Regensburg. (exb/dko) Die Kaufkraft in der Region wächst im deutschlandweiten Vergleich überdurchschnittlich stark. Eine Studie der IHK ergab für die Oberpfalz mit Landkreis Kelheim zweistellige Zuwachsraten in den vergangenen fünf Jahren. Zwar profitieren in Deutschland derzeit hauptsächlich die neuen Bundesländer von der positiven Kaufkraftentwicklung, doch 10,4 Prozent Plus bedeuten für die IHK-Region Platz zwei in den alten Bundesländern. Die Oberpfalz wird nur von der Region Bodensee-Hochrhein überboten, die enorm vom Grenzverkehr mit der Schweiz profitiert.

Die absolute Kaufkraft in der Oberpfalz liegt damit allerdings immer noch unter dem deutschen Durchschnitt. "Wir haben auch aufzuholen", gibt Dr. Matthias Segerer deshalb zu bedenken. Der promovierte Betriebswirtschaftler von der IHK in Regensburg macht die überdurchschnittlich positive wirtschaftliche Entwicklung für das Wachstum verantwortlich: "Die wirtschaftlichen Rahmenbedingungen lassen erwarten, das der positive Trend sich fortsetzt. Die Zahlen in der Region geben uns auch recht." Die Oberpfalz habe im Vergleich einen relativ hohen Anteil an produzierendem Gewerbe. "Die Unternehmen haben da anscheinend nicht so sehr aufs falsche Pferd gesetzt."

Auch IHK-Hauptgeschäftsführer Dr.

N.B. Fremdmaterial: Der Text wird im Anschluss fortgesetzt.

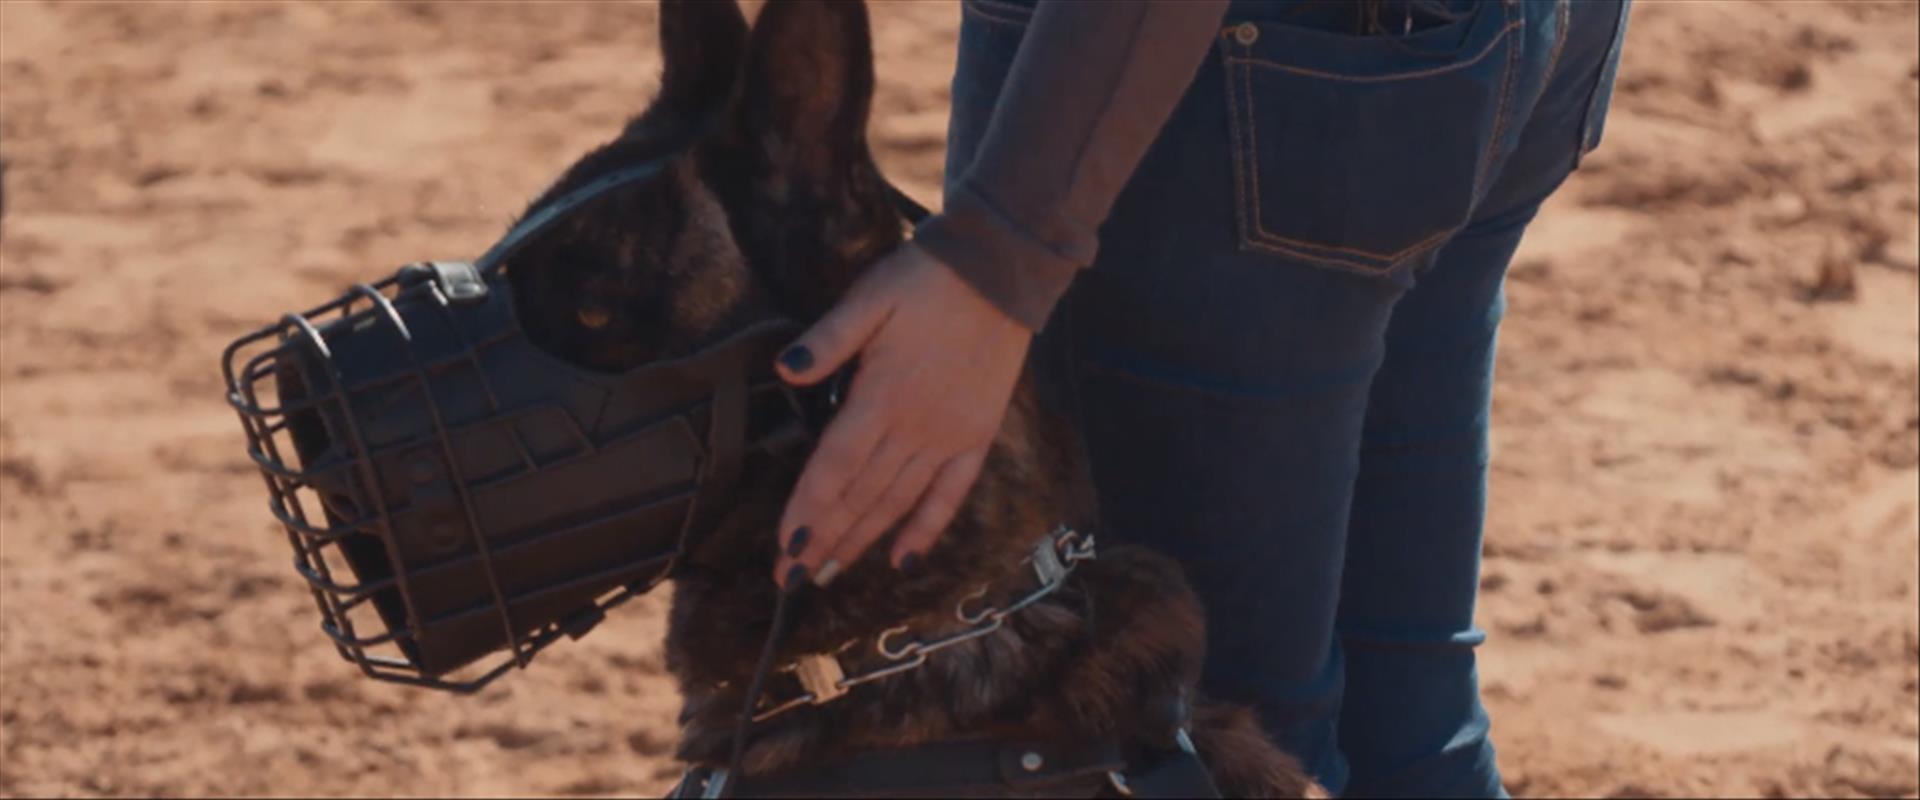 כלבי הגנה בזמן אימון

Jürgen Helmes bewertet die Entwicklung in der Oberpfalz positiv: "Von der guten Wirtschafts- und Auftragslage profitieren auch die Beschäftigten der Unternehmen."

Nördliche Oberpfalz spitze

Vor allem die nördliche Oberpfalz hat von 2012 bis 2017 stark aufgeholt: Den Landkreisen Neustadt/WN (11,2 Prozent) und Tirschenreuth (11,9 Prozent) ist als einzigen in der Oberpfalz ein Zuwachs von über 11 Prozent gelungen. In Deutschland insgesamt hat die Kaufkraft im gleichen Zeitraum nur um 9,53 Prozent zugelegt. Rein rechnerisch stehen jedem Haushalt im Jahr 2017 jährlich 22 196 Euro für den Konsum zur Verfügung (Bundesschnitt: 22 467 Euro).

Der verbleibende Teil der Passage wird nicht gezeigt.